Gold nanoparticles are readily conjugated to antibodies, peptides, synthetic oligonucleotides, and other proteins due to the affinity of sulfhydryl (-SH) groups for the gold surface^3-5. Gold-biomolecule conjugates have been widely incorporated into diagnostic applications, where their bright red color is used in home and point-of-care test such as the home pregnancy tests.

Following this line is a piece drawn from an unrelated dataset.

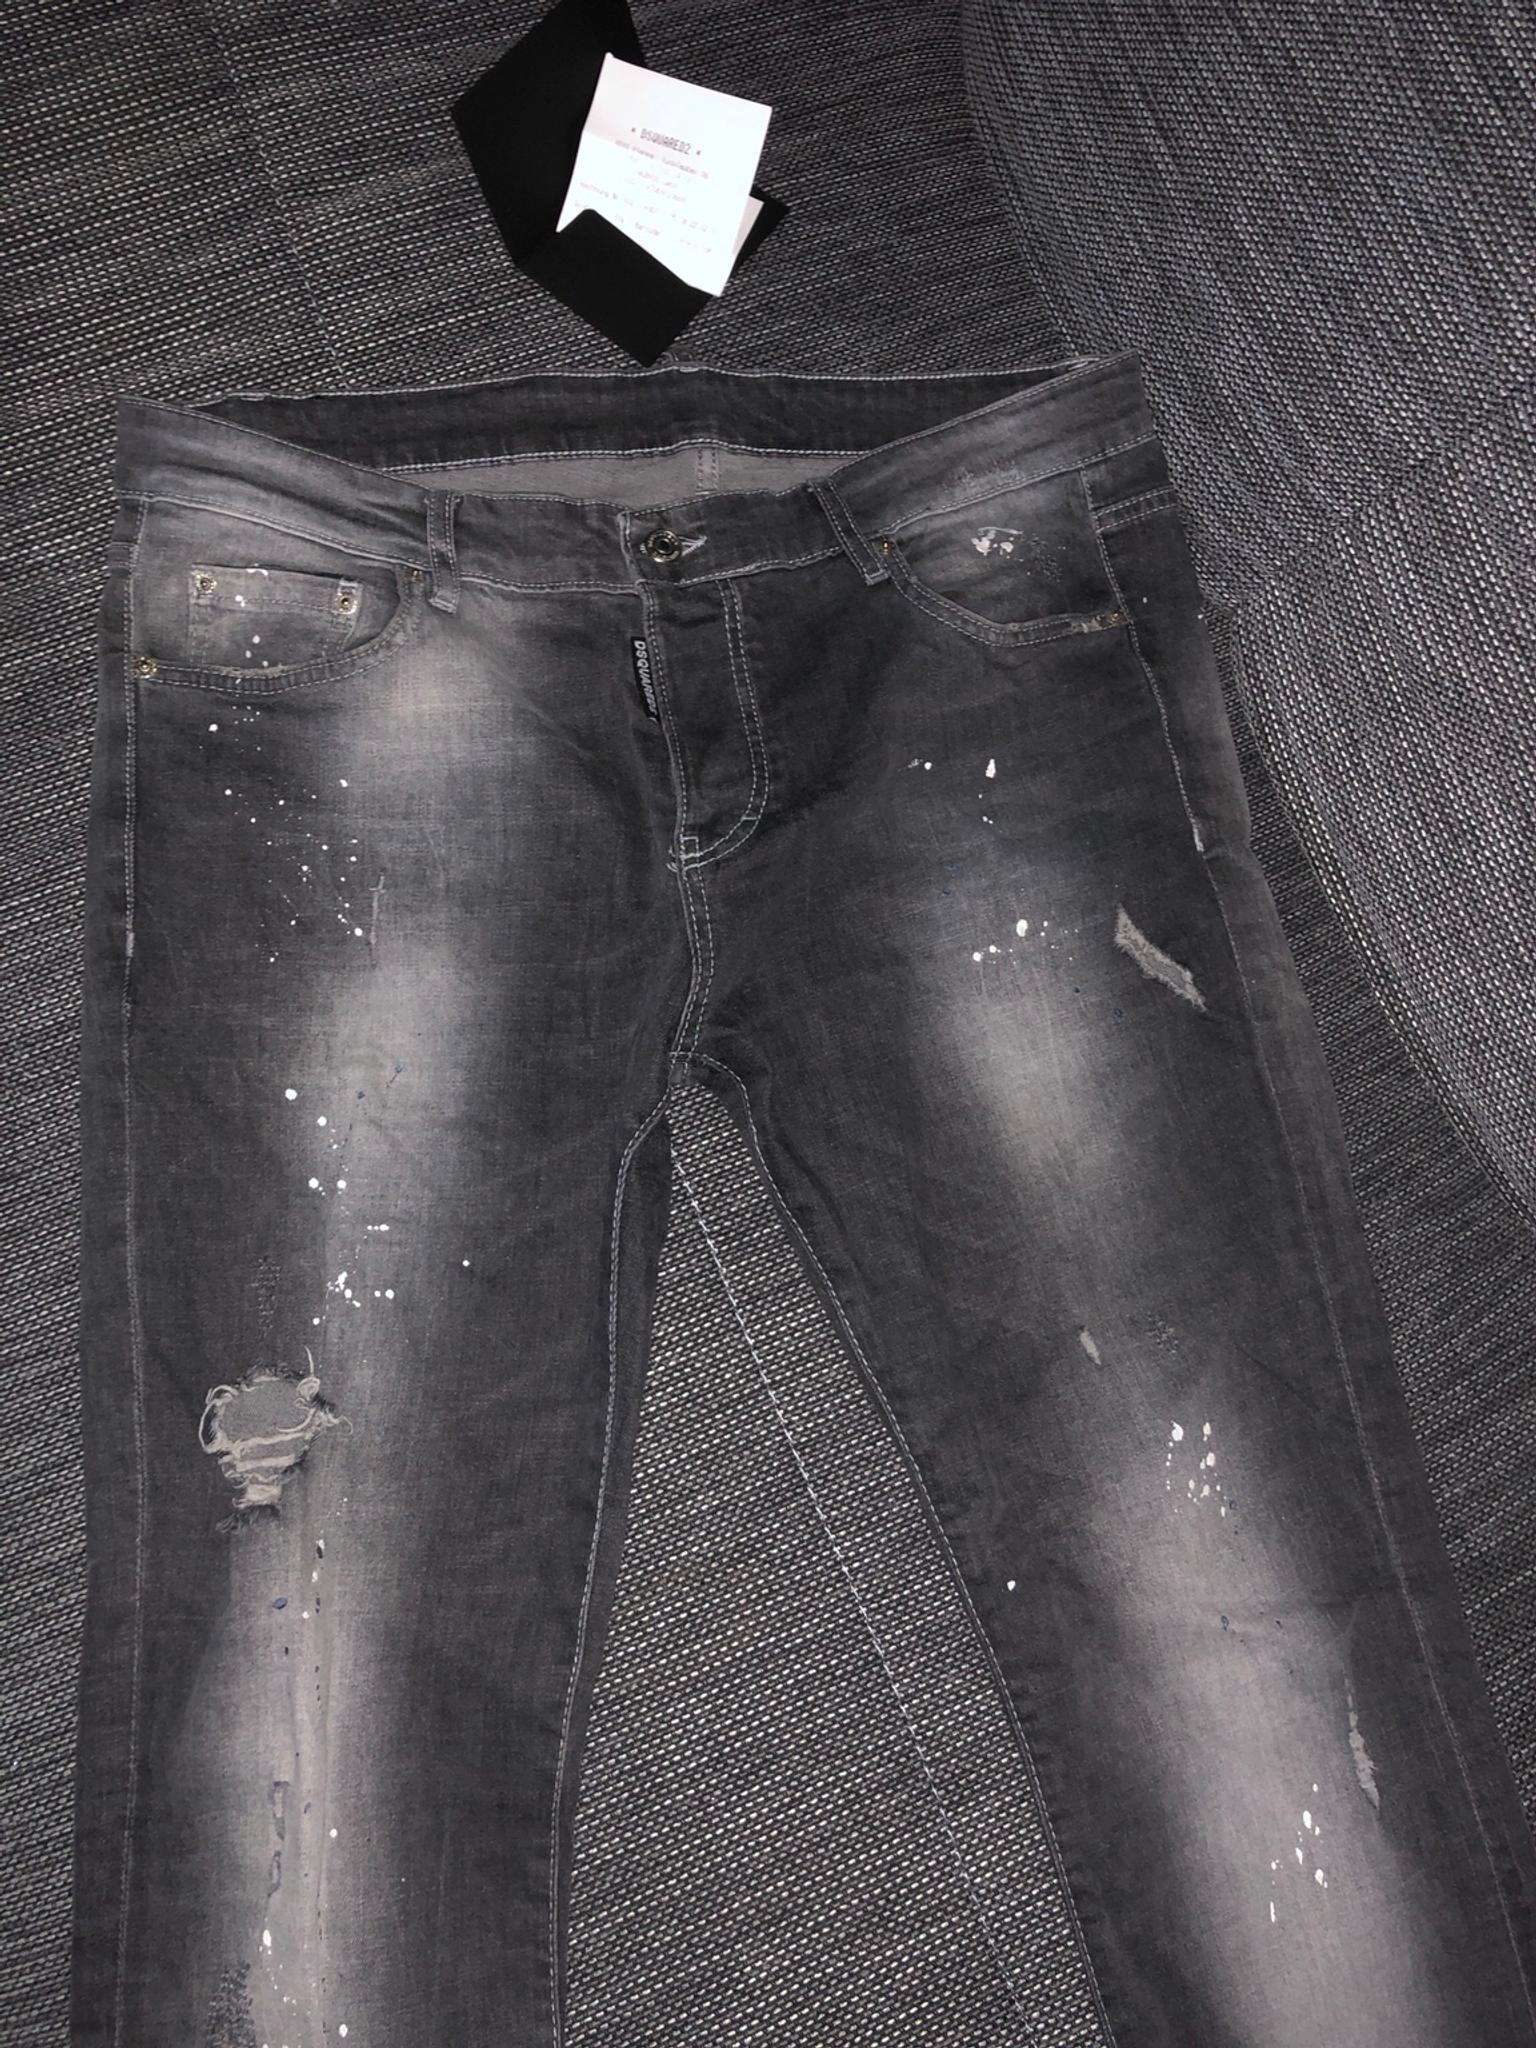 dsquared jeans auf rechnung

A recent study demonstrates application of Fortis Life Sciences gold nanoparticles in agglutination assays.⁶ NanoXact Citrate Gold Nanospheres were coated with Red Blood Cell Membranes (RBCM) to capture and crosslink with fibrinogen molecules in plasma, causing hemagglutination of the gold nanospheres that enabled detection of fibrinogen by spectrophotometry. Fibrinogen is an important biomarker with links to sepsis and cardiovascular diseases (CVD) and the technique used in this study showed a wide dynamic range of detection of fibrinogen from 0.01–10 mg/mL.

Therapeutics

Gold nanoparticles are being investigated as agents for photothermal- and microwave-based therapeutics⁷. Typically, this involves functionalizing the nanoparticle surface with an antibody or antibody fragment that specifically targets tumor cells. After reaching the tumor, the nanoparticles are illuminated with infrared or microwave radiation, both of which pass through skin and tissue, causing the nanoparticles to heat up, destroying the tumor cells.

Electron Microscopy

Gold nanoparticles labeled with antibodies that provide specific targeting are used to stain tissues and cells for subsequent imaging using a transmission electron microscope. Gold makes an excellent contrast agent for TEM imaging, as has a much larger electron density than biomolecules. Multiple sizes of gold nanoparticles, each labeled with a different antibody, can be used to carry out multiparameter experiments.

Conclusions

Nanomaterial production has many challenges, whether the final product is in powdered or colloidal form. This is particularly true when designing a material that will be used in many different applications. For this reason, Fortis Life Sciences provides a wide range of gold colloids with precisely engineered sizes, shapes, and surfaces.

References

1. Frens, G. "Controlled nucleation for the regulation of the particle size in monodisperse gold suspensions" Nature (London), Phys. Sci. 1973, 241, 20-22.
2. Turkevich, J.; Stevenson, P. C.; Hillier, J. "A study of the nucleation and growth processes in the synthesis of colloidal gold" Discuss. Faraday. Soc. 1951, 11, 55-75.
3. Mirkin, C.; Letsinger, R. L.; Mucic, R. C.; Storhoff, J. J. "A DNA-based method for rationally assembling nanoparticles into macroscopic materials" Nature 1996, 382, 607-609.
4. Wang, Z.; Levy, R.; Fernig, D.G.; Brust, M. "The Peptide Route to Multifunctional Gold Nanoparticles" Bioconjugate Chemistry 2005, 16, 497-500.
5. Johne, B.; Hansen, K.; Mork, E.; Holtlund, J. "Colloidal gold conjugated monoclonal antibodies, studied in the BIAcore biosensor and in the Nycocard immunoassay format" Journal of Immunological Methods 1995, 1, 167-174.
6. Kim, I.; Lee, D.; Lee, S. W.; Lee, J. H.; Lee, G.; Yoon, D. S. "Coagulation-Inspired Direct Fibrinogen Assay Using Plasmonic Nanoparticles Functionalized with Red Blood Cell Membranes" ACS Nano 2021, Just Accepted.
7. Huang, X.; Jain, P. K.; El-Sayed, I. H.; El-Sayed, M. A. "Plasmonic photothermal therapy (PPTT) using gold nanoparticles" Lasers in Medical Science 2008, 23, 217-228.